MYSQL_TRACK_EXTERNAL_CONNECTION_HISTORY
Whether connections that do not exist within the database should have connection history tracked in the database. If set to "true", connection history records will be created for any connection established. If set to "false", connection history records will be created only for connections defined in the database. By default, external connections will be tracked.
MYSQL_ENFORCE_ACCESS_WINDOWS_FOR_ACTIVE_SESSIONS
Whether access time restrictions imposed by the administrator on user accounts should be enforced while a user is logged in. If set to "true", users will be automatically logged out within roughly one minute of reaching their access time limits. If set to "false", access time restrictions will only be enforced at the moment a user attempts to log in. By default, access time restrictions are enforced while users are logged in.
MYSQL_AUTO_CREATE_ACCOUNTS
Whether user account entries should automatically be created within the database for users that successfully authenticate through other means, such as an SSO provider or LDAP. This may be necessary if using an extension that requires account-specific storage, like TOTP or per-account approvals. If set to "true", user account entries will automatically be created. By default, administrators must manually create such entries if needed.
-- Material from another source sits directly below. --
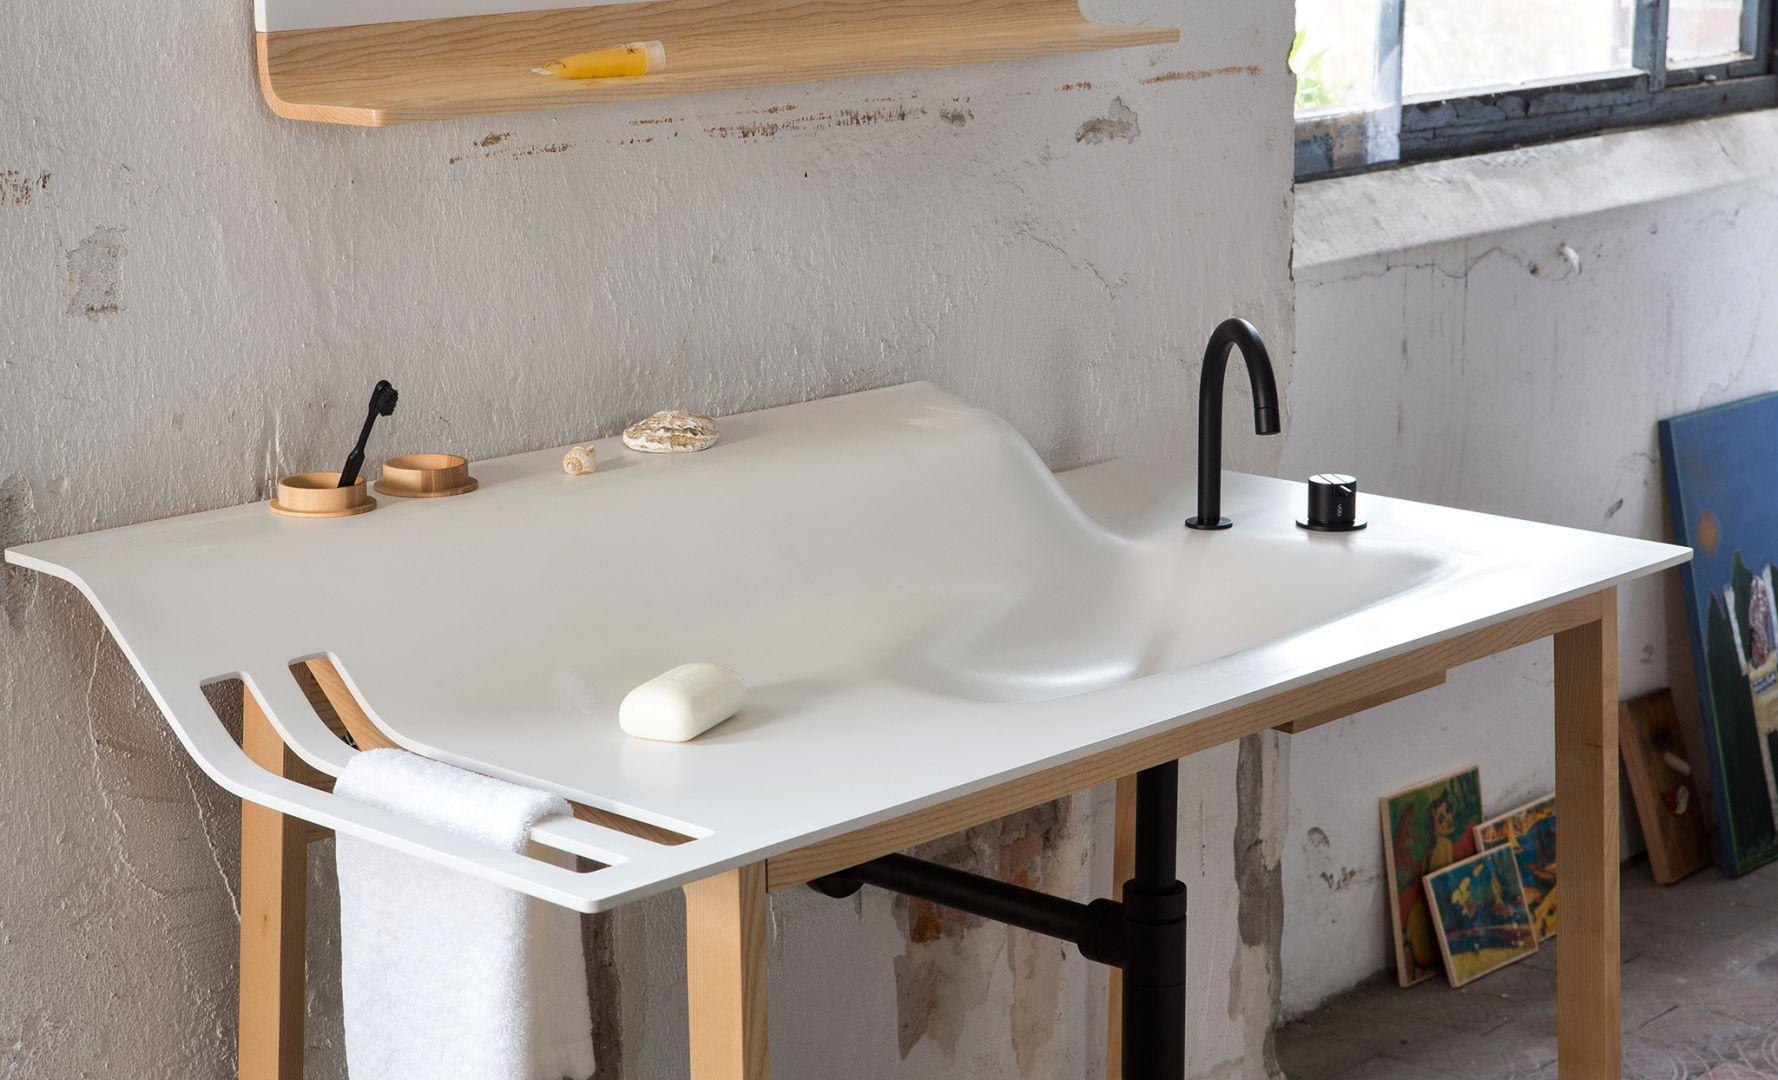 Kolekcja Private Space Waschtisch świetnie sprawdzi się we wnętrzach w stylu loft. Wyróżnia się minimalistyczną formą. Fot. Ellenberger Design
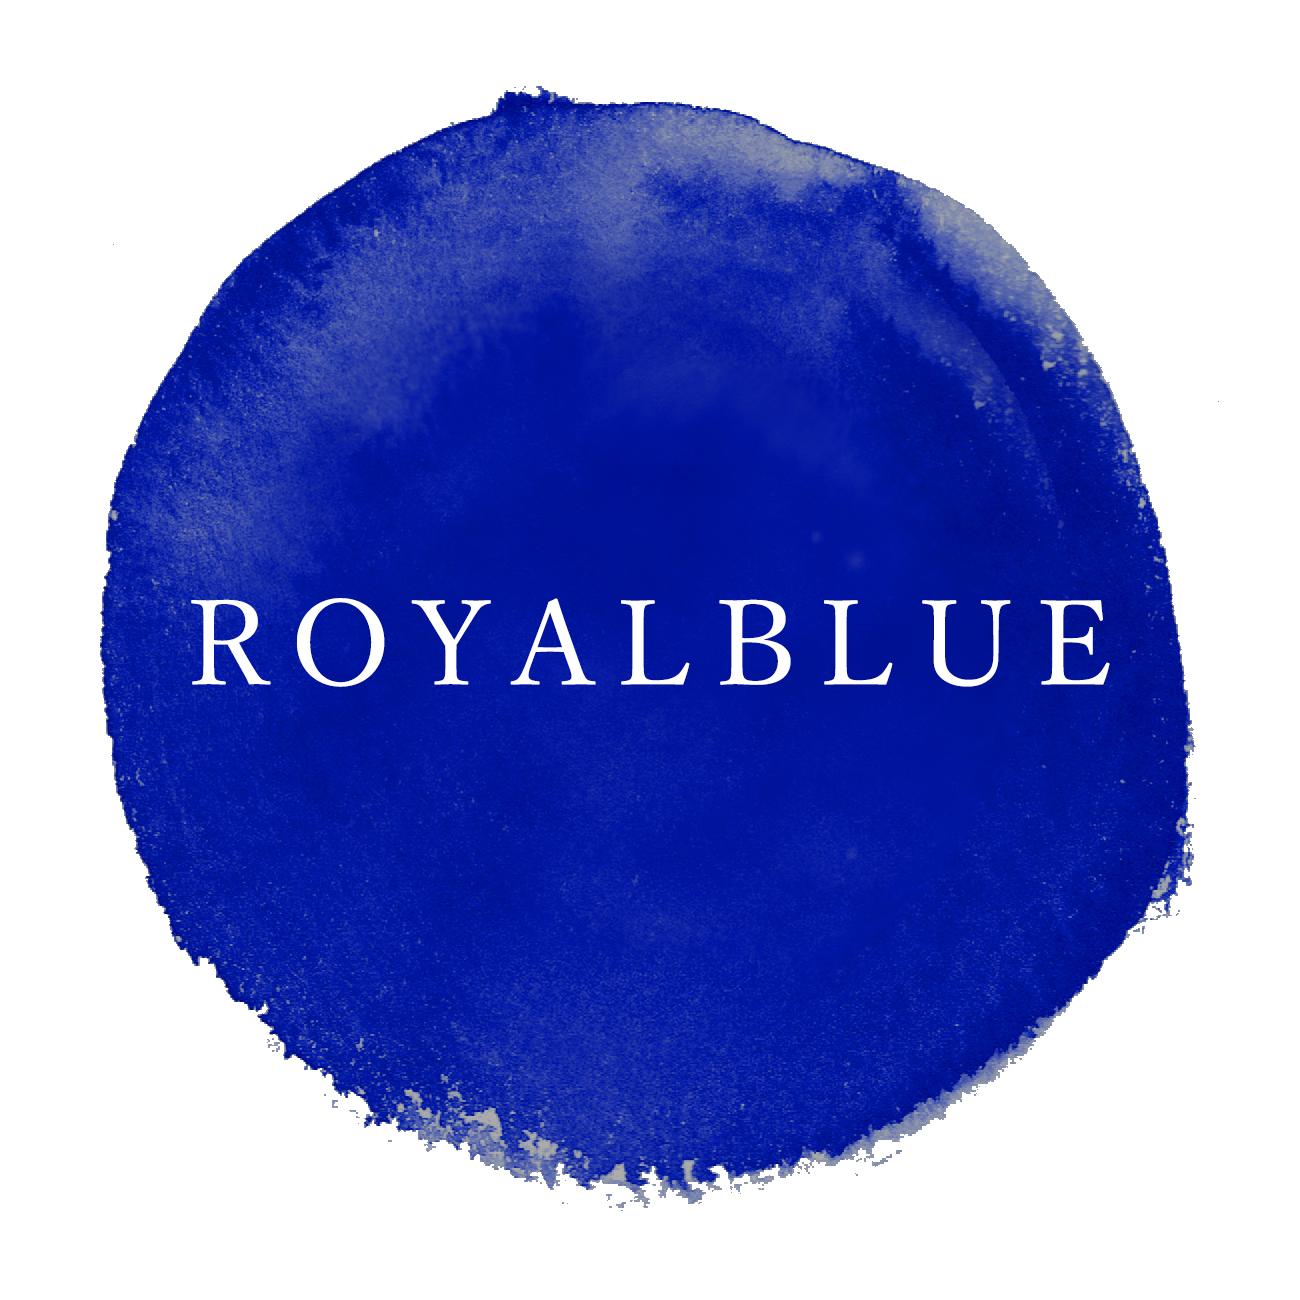 カラー占い,色占い,ロイヤルブルー

OPENID_AUTHORIZATION_ENDPOINT
The authorization endpoint (URI) of the OpenID service. This value should be provided to you by the identity provider. For identity providers that implement OpenID Connect Discovery, this value can be retrieved from the "authorization_endpoint" property of your provider's ".well-known/openid-configuration" JSON file.
OPENID_CLIENT_ID
The OpenID client ID which should be submitted to the OpenID service when necessary. This value is typically provided to you by the OpenID service when OpenID credentials are generated for your application.
OPENID_ISSUER
The issuer to expect for all received ID tokens. This value should be provided to you by the identity provider. For identity providers that implement OpenID Connect Discovery, this value can be retrieved from the "issuer" property of your provider's
".well-known/openid-configuration" JSON file.
OPENID_JWKS_ENDPOINT
The endpoint (URI) of the JWKS service which defines how received ID tokens (JSON Web Tokens or JWTs) shall be validated. This value should be provided to you by the identity provider. For identity providers that
implement OpenID Connect Discovery, this value can be retrieved from the "jwks_uri" property of your provider's ".well-known/openid-configuration" JSON file.
OPENID_REDIRECT_URI
The URI that should be submitted to the OpenID service such that they can redirect the authenticated user back to Keeper Connection Manager after the authentication process is complete. This must be the full URL that a user would enter into their browser to access Keeper Connection Manager. The URI that should be submitted to the OpenID service such that they can redirect the authenticated user back to Keeper Connection Manager after the authentication process is complete. This must be the full URL that a user would enter into their browser to access Keeper Connection Manager.
OPENID_ALLOWED_CLOCK_SKEW
The amount of clock skew tolerated for timestamp comparisons between the Guacamole server and OpenID service clocks, in seconds. By default, clock skew of up to 30 seconds is tolerated.
OPENID_GROUPS_CLAIM_TYPE
The claim type within any valid JWT that contains the list of groups of which the authenticated user is a member. By default, the “groups” claim type is used.
OPENID_MAX_NONCE_VALIDITY
The maximum amount of time that a nonce generated by the Guacamole server should remain valid, in minutes. As each OpenID request has a unique nonce value, this imposes an upper limit on the amount of time any particular OpenID request can result in successful authentication within Guacamole. By default, each generated nonce expires after 10 minutes.
OPENID_MAX_TOKEN_VALIDITY
The maximum amount of time that an OpenID token should remain valid, in minutes. By default, each OpenID token remains valid for 300 minutes (5 hours).
OPENID_SCOPE
The space-separated list of OpenID scopes to request. OpenID scopes determine the information returned within the OpenID token, and thus affect what values can be used as an authenticated user’s username. To be compliant with OpenID, at least “openid profile” must be requested. By default, “openid email profile” is used.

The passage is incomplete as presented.